Effects of MEK, ERK and p38 inhibitors on DOP receptor-accelerated glutamate uptake in the astrocyte. Each group of cultured astrocytes was treated as detailed in the Methods section. After these treatments, 2 μL of astrocytic condition medium were collected from each group at 10, 20 and 30 min time points for extracellular glutamate analysis with the L-glutamate assay. FR, 500 nM FR180204, an ERK inhibitor; SB, 10 μM SB203580, p38 inhibitor; U0126, an MEK inhibitor, 5 μM. *P < 0.05 versus Glu. †P < 0.05 versus U + Glu. Note that UFP-512 enhanced astrocytic glutamate uptake was completely blocked by inhibitors for MEK, ERK and p38.

Figure 13

Effects of MEK and ERK inhibitors on DOP receptor-induced p38 phosphorylation in the astrocytes. The astrocytes were pretreated with the indicated inhibitor for 1 h, followed by the inhibitor plus 10 μM UFP-512 for 24 h.
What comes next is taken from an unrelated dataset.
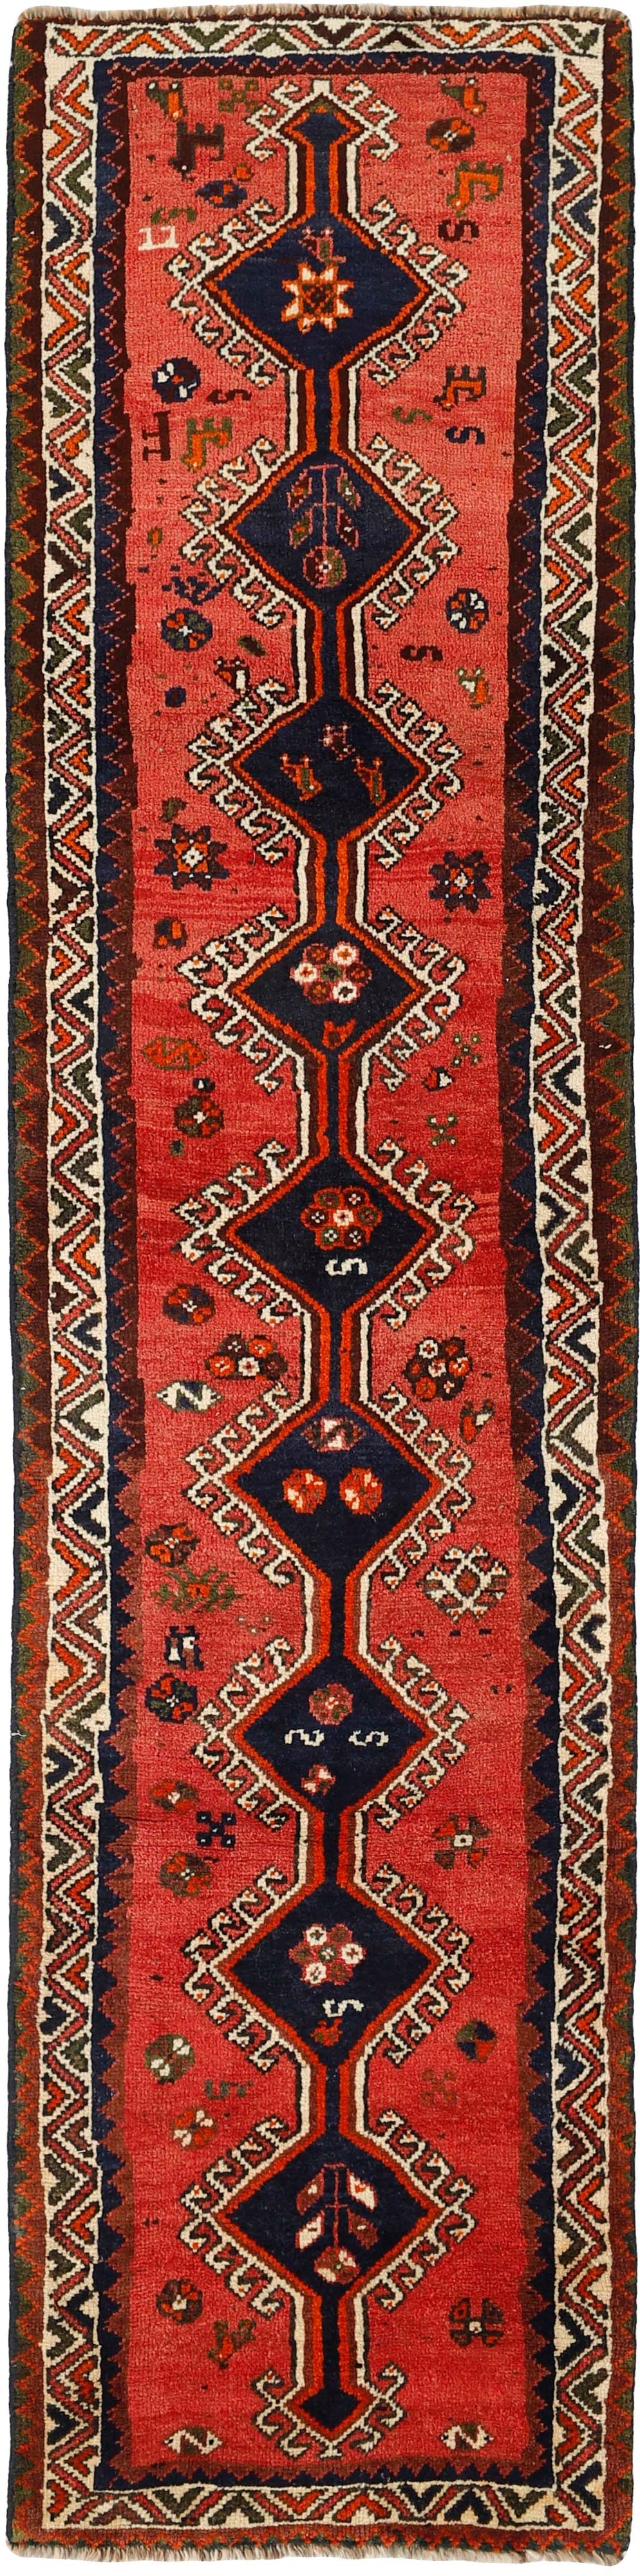 Authentic persian runner with a traditional tribal geometric pattern in red, black and grey

C, non-treatment; FR, 500 nM FR180204, an ERK inhibitor; pp38: phosphorylated p38; U, 10 μM UFP-512; U0126, an MEK inhibitor, 5 μM. *P < 0.05. Note that the inhibitors of MEK and ERK suppressed UFP-512-induced p38 phosphorylation.

Figure 14

No appreciable change in p38 activation after the treatment with PK and MAPK inhibitors in the absence of UFP-512 stimulation. Astrocytes were treated with indicated inhibitor for 24 h. Then total protein was extracted for Western blot. C, non-treatment; Cal, 500 nM calphostin C, a PKC inhibitor; FR, 500 nM FR180204, ERK inhibitor; H89, a PKA inhibitor, 10 μM; LY, 10 μM LY294002, a PI3K inhibitor; pp38, phosphorylated p38; SB, 10 μM SB203580, p38 inhibitor; U0126, an MEK inhibitor, 5 μM. Note that the inhibitors had no effect on p38 activation.